它们的关键是_M_p不指向在堆上分配的内存的开始,它指向字符串中的第一个字符。这里有一个简单的例子:

struct Foo
{
    Foo()
    {
        // Allocate 4 ints.
        m_data = new int[4];
        // Move the pointer.
        ++m_data;
        // Null the pointer
        //m_data = 0;
    }
    ~Foo()
    {
        // Put the pointer back, then delete it.
        --m_data;
        delete [] m_data;
    }
    int* m_data;
};

int main()
{
    Foo f;
    die();
}

This will report a probable leak in valgrind. If you comment out the lines where I move m_data valgrind will report 'still reachable'. If you uncomment the line where I set m_data to 0 you'll get a definite leak.

这将报告可能在valgrind泄漏。如果你注释掉我移动m_data valgrind的行,你会发现它仍然是可访问的。如果您取消我将m_data设置为0的那一行的注释,您将得到一个确定的泄漏。

The valgrind documentation has more information on probable leaks and interior pointers.

valgrind文档有关于可能的泄漏和内部指针的更多信息。

#2


11  

Calling exit "terminates the program without leaving the current block and hence without destroying any objects with automatic storage duration".

调用exit“在不离开当前块的情况下终止程序,因此不会破坏任何具有自动存储持续时间的对象”。

In other words, leak or not, you shouldn't really care. When you call exit, you're saying "close this program, I no longer care about anything in it." So stop caring. :)

换句话说,不管泄漏与否,你都不应该真正在意。当你调用exit时,你的意思是“关闭这个程序,我不再关心它里面的任何东西。”所以不要关心。:)

Obviously it's going to leak resources because you never let the destructor of the string run, absolutely regardless of how it manages those resources.

显然,它会泄漏资源,因为您永远不会让字符串的析构函数运行,无论它如何管理这些资源。

#3


4  

Of course this "leaks", by exiting before s's stack frame is left you don't give s's destructor a chance to execute.

当然,这个“泄漏”,在s的堆栈帧被留下之前退出,就不会给s的析构函数一个执行的机会。

As for your question wrt std::string storage: Different implementations do different things. Some allocate some 12 bytes on the stack which is used if the string is 12 bytes or shorter.
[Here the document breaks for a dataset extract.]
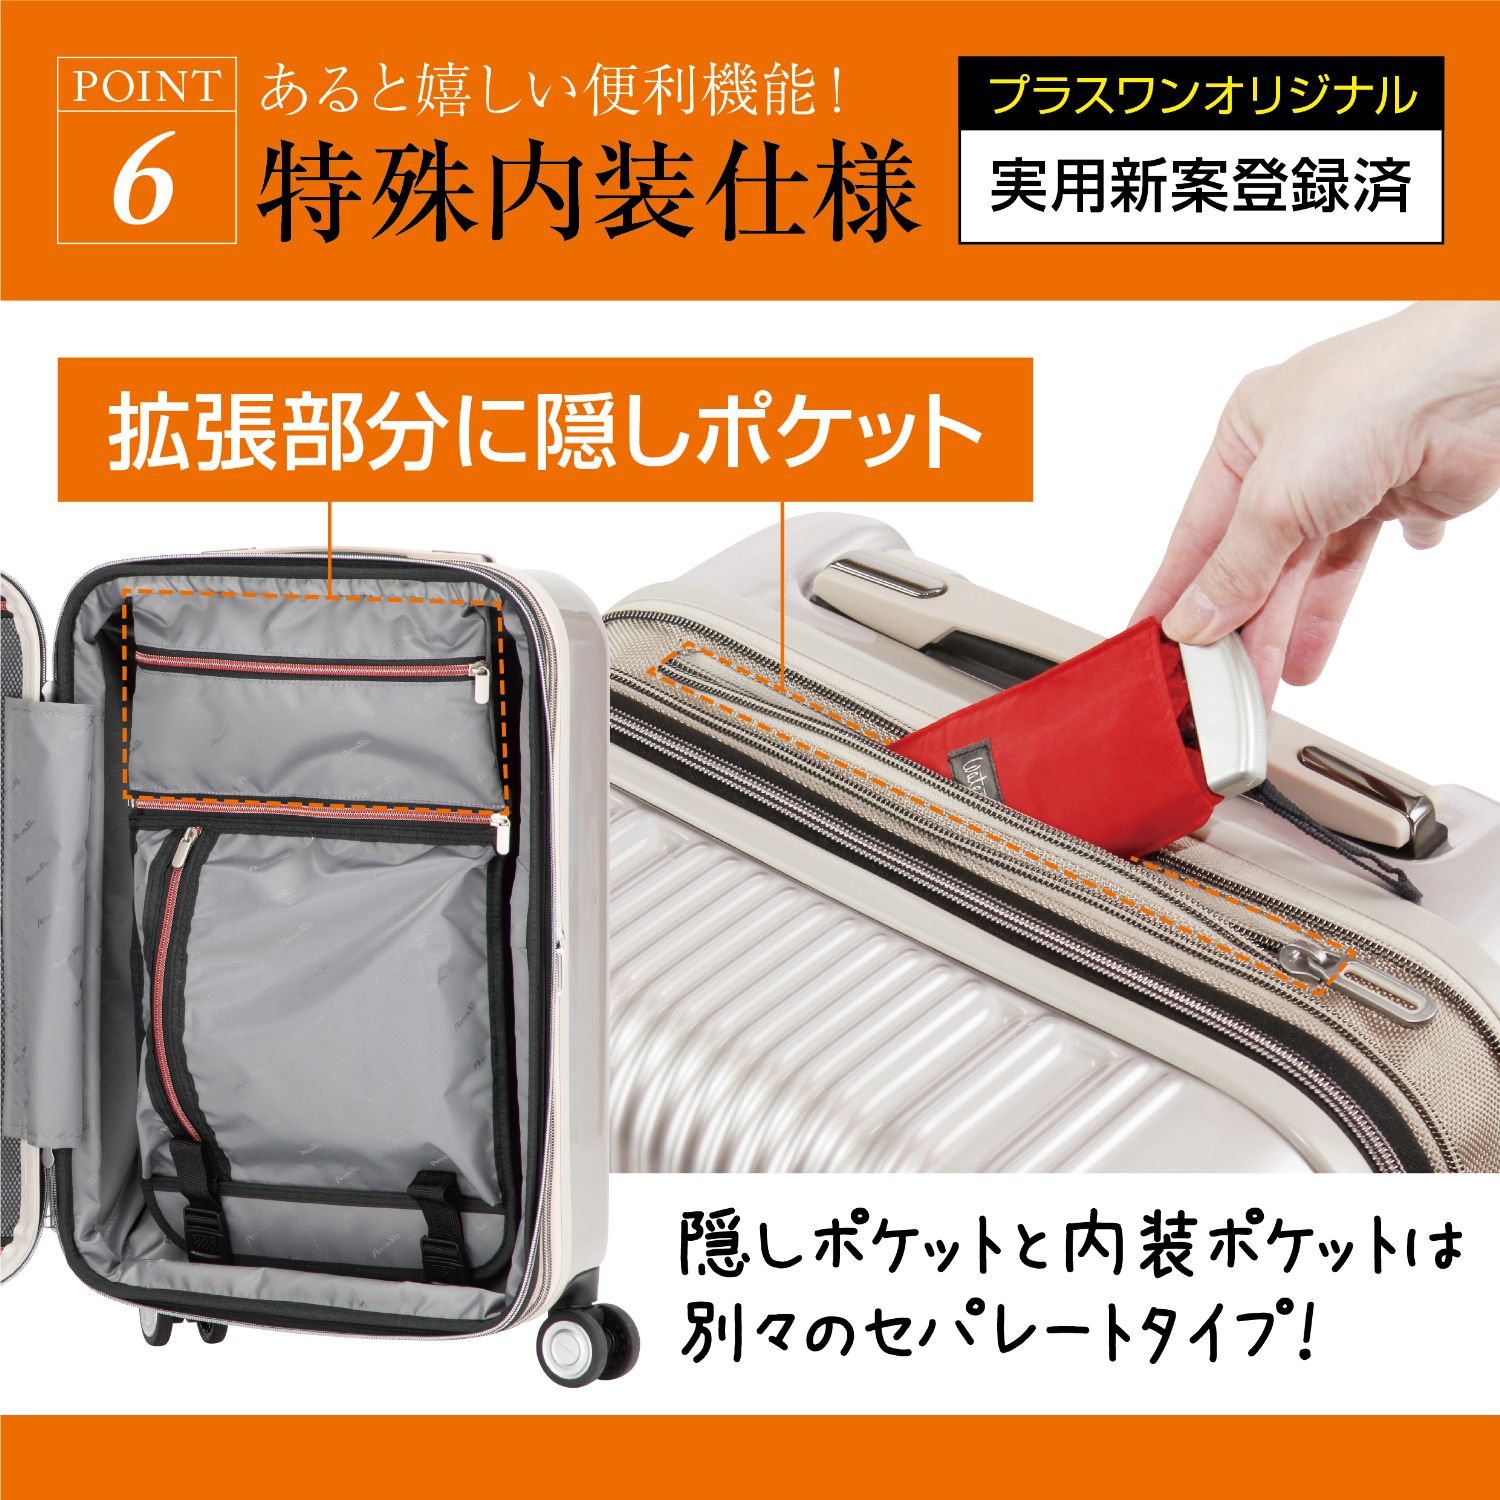 スーツケース ストッパー付き 拡張 Sサイズ 機内持ち込み 大容量 40L

Longer strings go to the heap. Other implementations always go to the heap. Some are reference counted and with copy-on-write semantics, some not. Please turn to Scott Meyers' Effective STL, Item 15.

至于你的问题wrt std::string storage:不同的实现做不同的事情。有些会在堆栈上分配12个字节,如果字符串是12字节或更短的话,就会使用这个堆栈。更长的字符串进入堆。其他实现总是进入堆。有些是引用计数和写时复制语义,有些不是。请参阅Scott Meyers' s Effective STL,第15项。

#4


1  

gcc STL has private memory pool for containers and strings. You can turn this off ; look in valgrind FAQ

gcc STL为容器和字符串提供私有内存池。你可以把它关掉;看看valgrind常见问题解答

http://valgrind.org/docs/manual/faq.html#faq.reports

http://valgrind.org/docs/manual/faq.html faq.reports

#5


1  

I would avoid using exit() I see no real reason to use that call. Not sure if it will cause the process to stop instantly without cleaning up the memory first although valgrind does still appear to run.

我将避免使用exit(),我没有看到使用这个调用的真正原因。不确定它是否会导致进程立即停止,而不首先清理内存,尽管valgrind仍然运行。